▸ **Input**
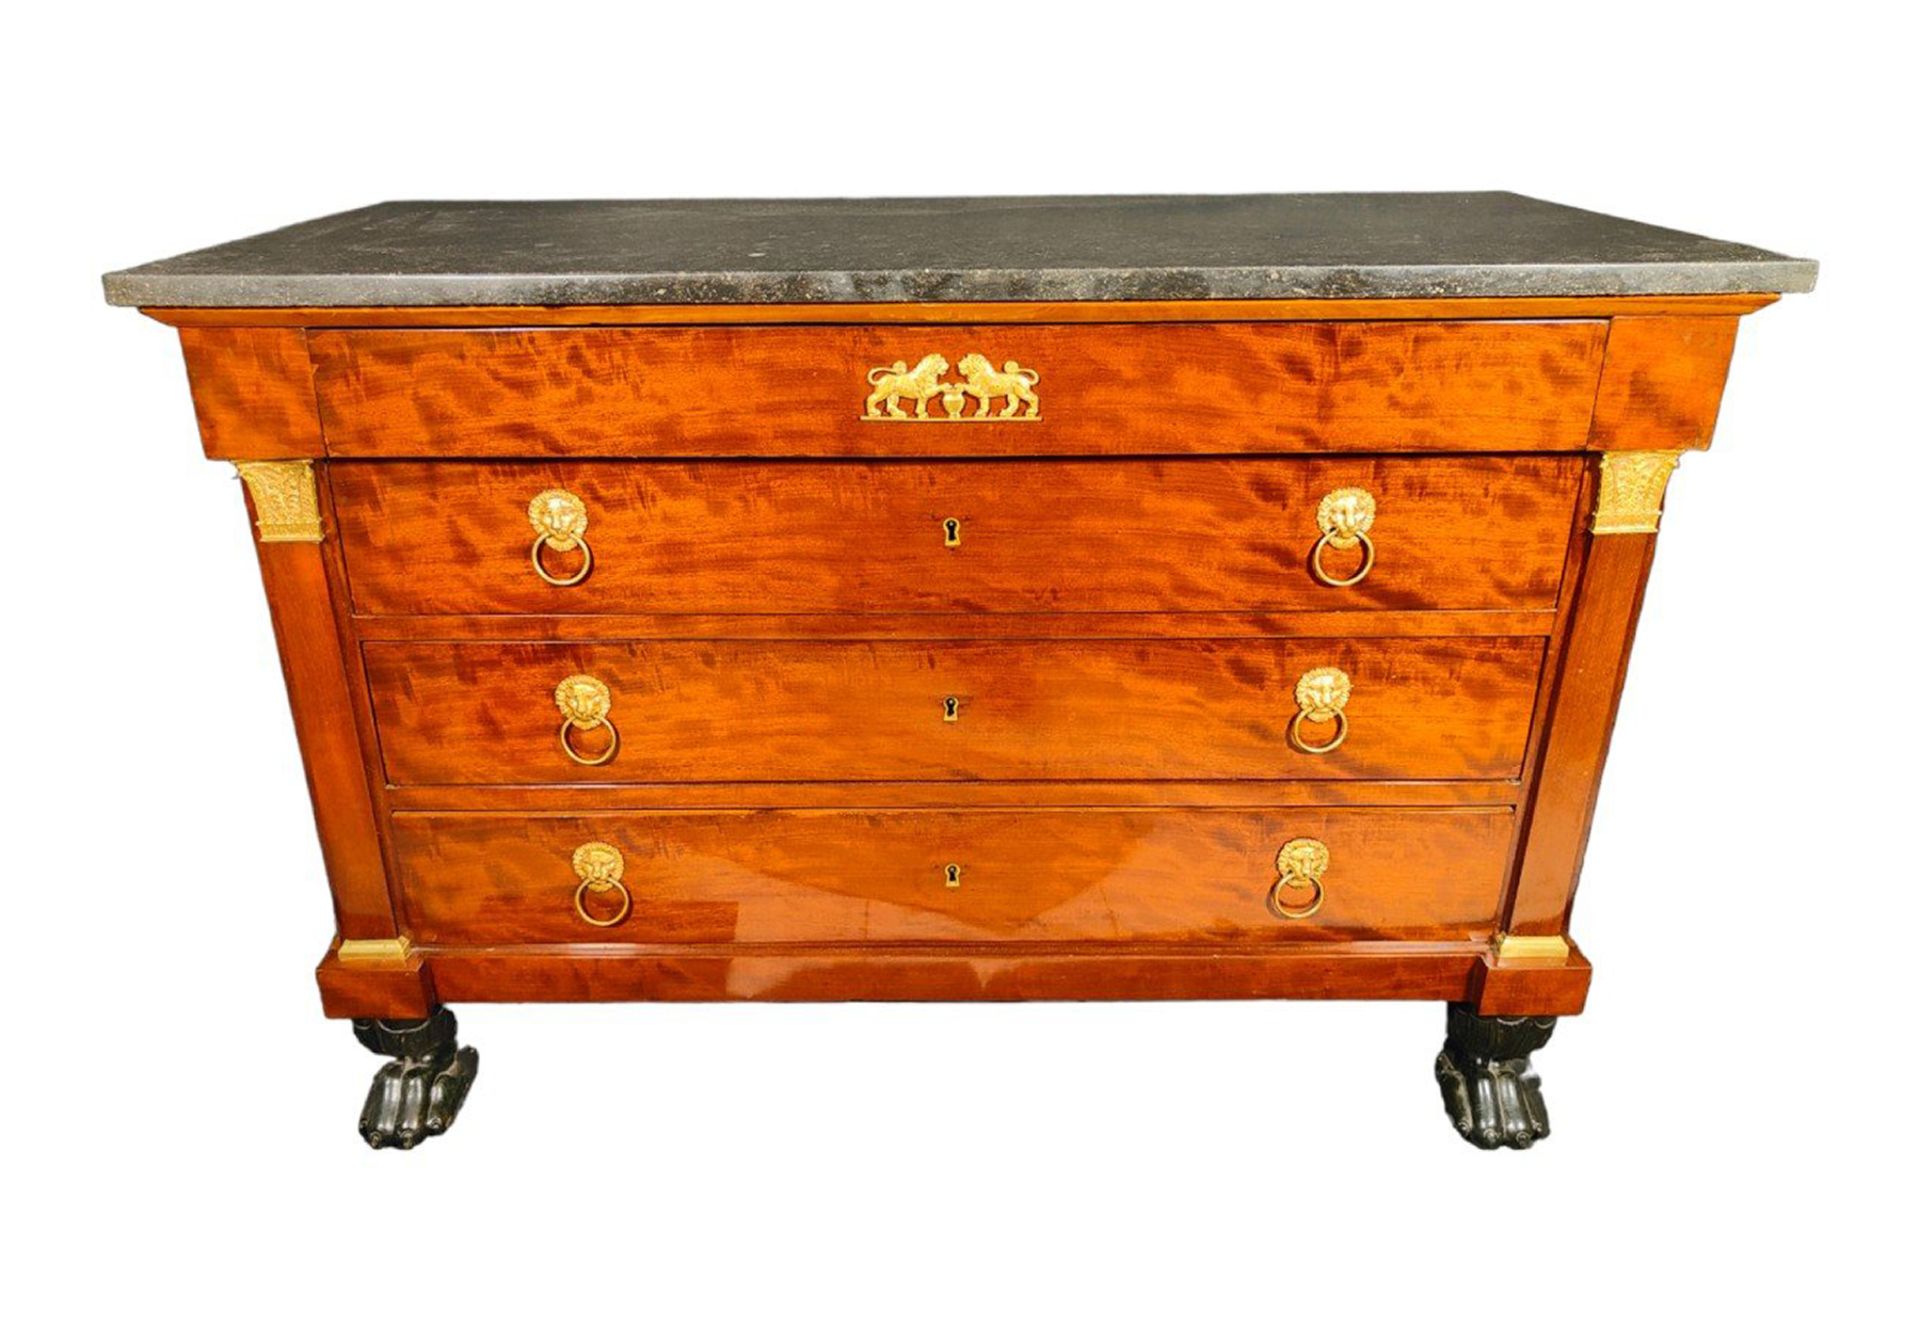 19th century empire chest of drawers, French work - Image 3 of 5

...

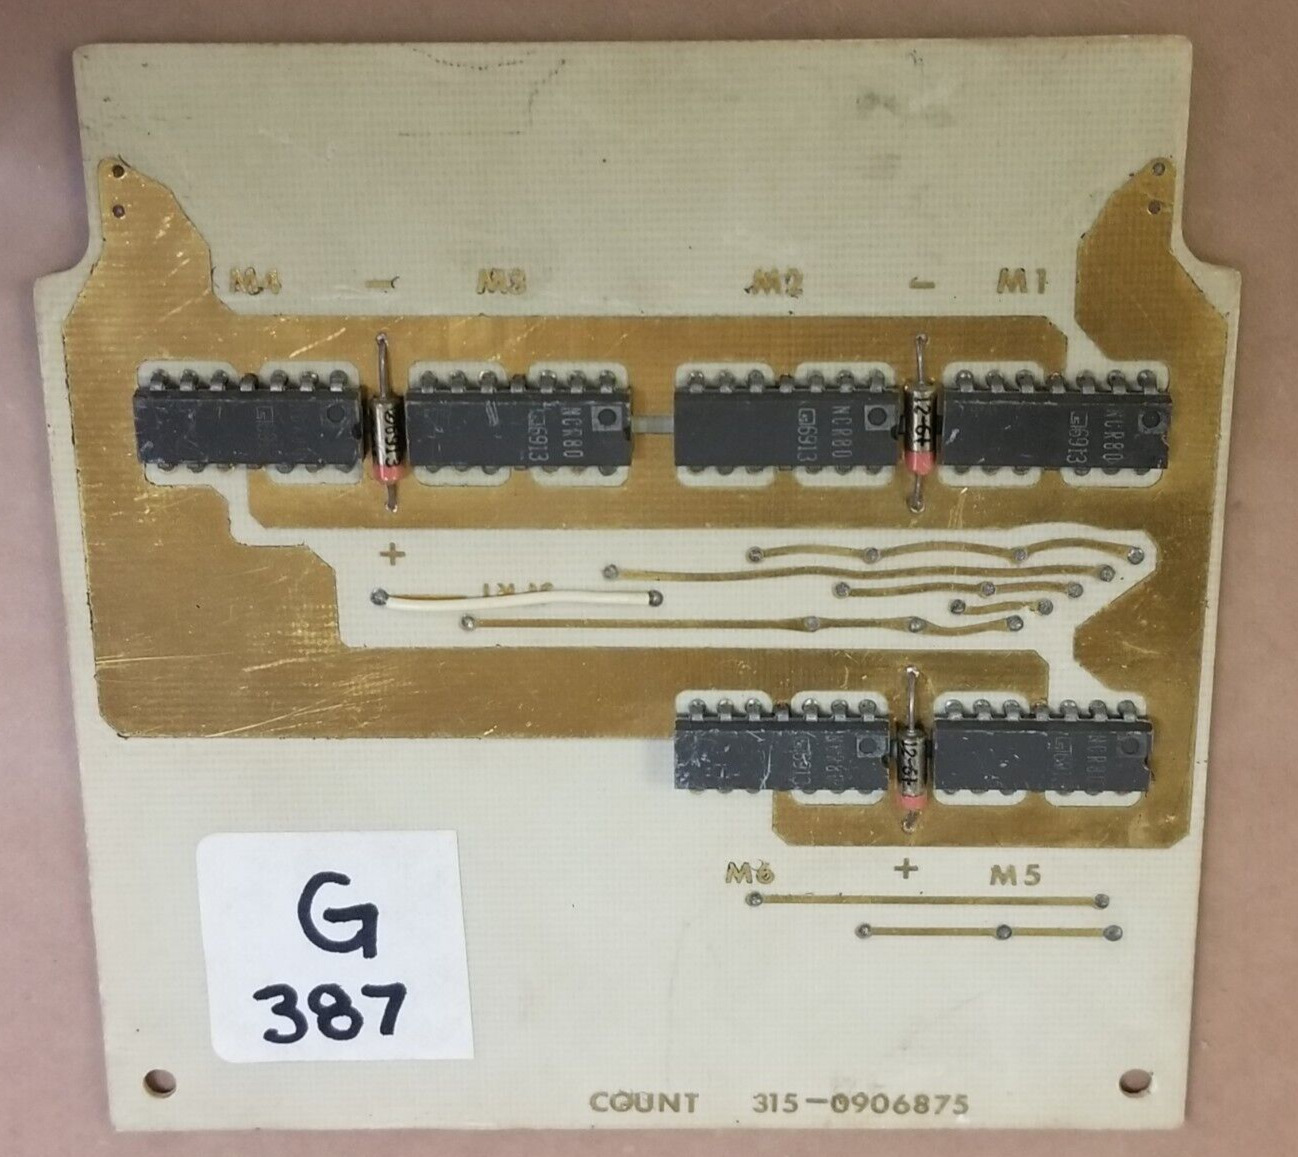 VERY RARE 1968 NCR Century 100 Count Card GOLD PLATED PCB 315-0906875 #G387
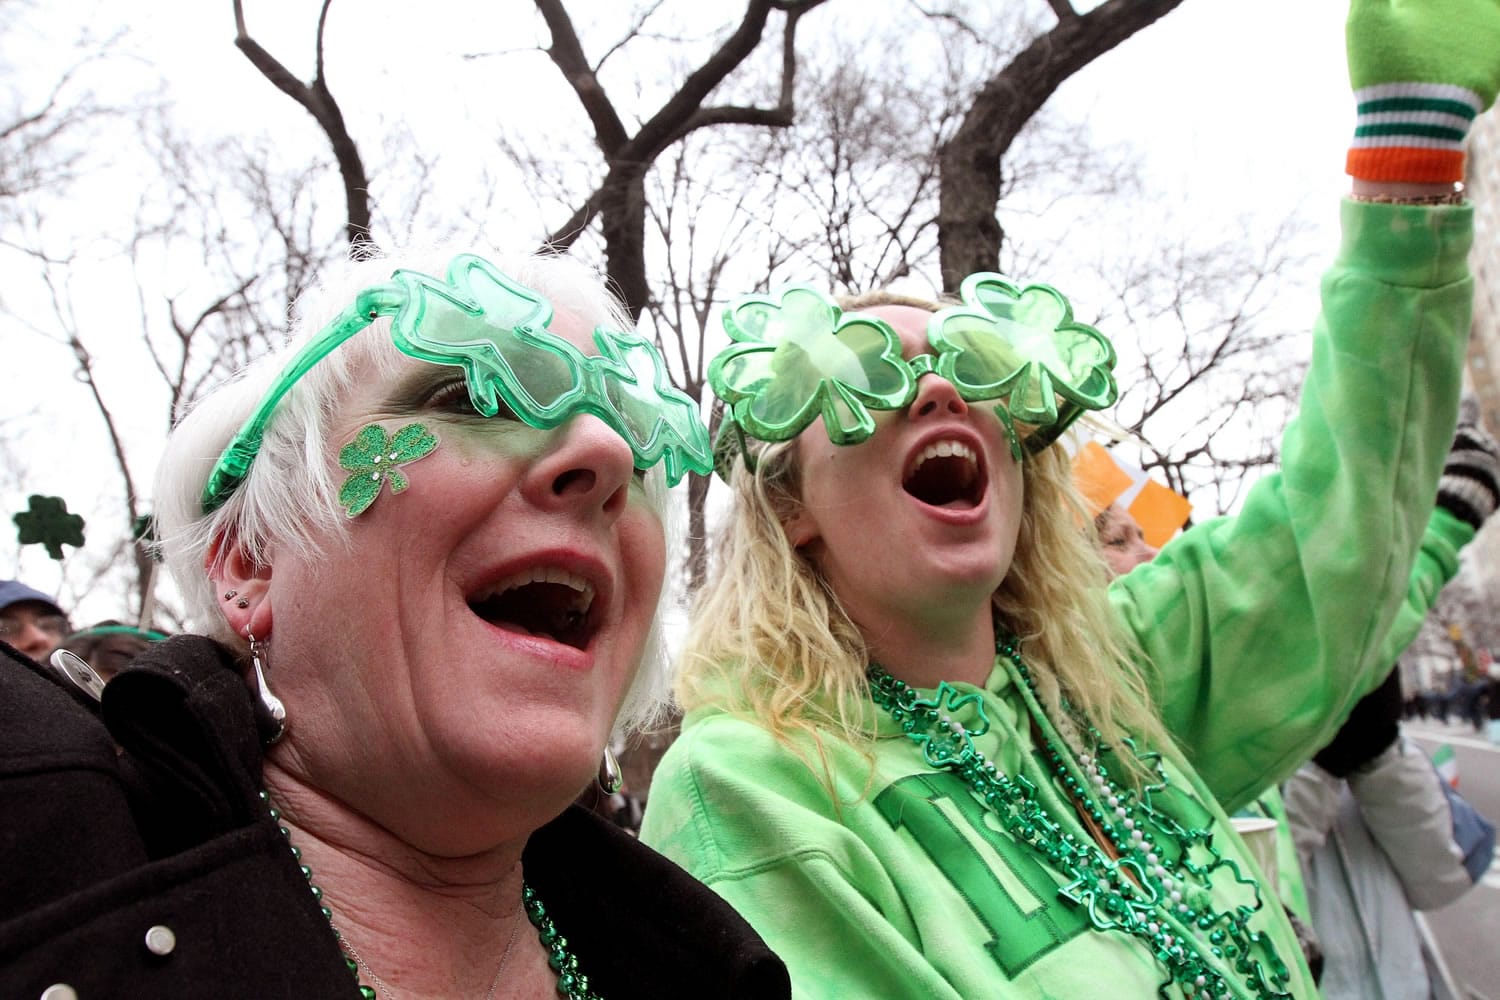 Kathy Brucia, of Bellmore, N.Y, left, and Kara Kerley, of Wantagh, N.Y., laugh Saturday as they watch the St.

▸ **Exercise**
Within the entries above, the lines from the one containing "VERY RARE 1968" through the one containing "Kathy Brucia, of" are to be transcribed exactly, ends included, pictures excluded.

▸ **Solution to this exercise**
 VERY RARE 1968 NCR Century 100 Count Card GOLD PLATED PCB 315-0906875 #G387
 Kathy Brucia, of Bellmore, N.Y, left, and Kara Kerley, of Wantagh, N.Y., laugh Saturday as they watch the St.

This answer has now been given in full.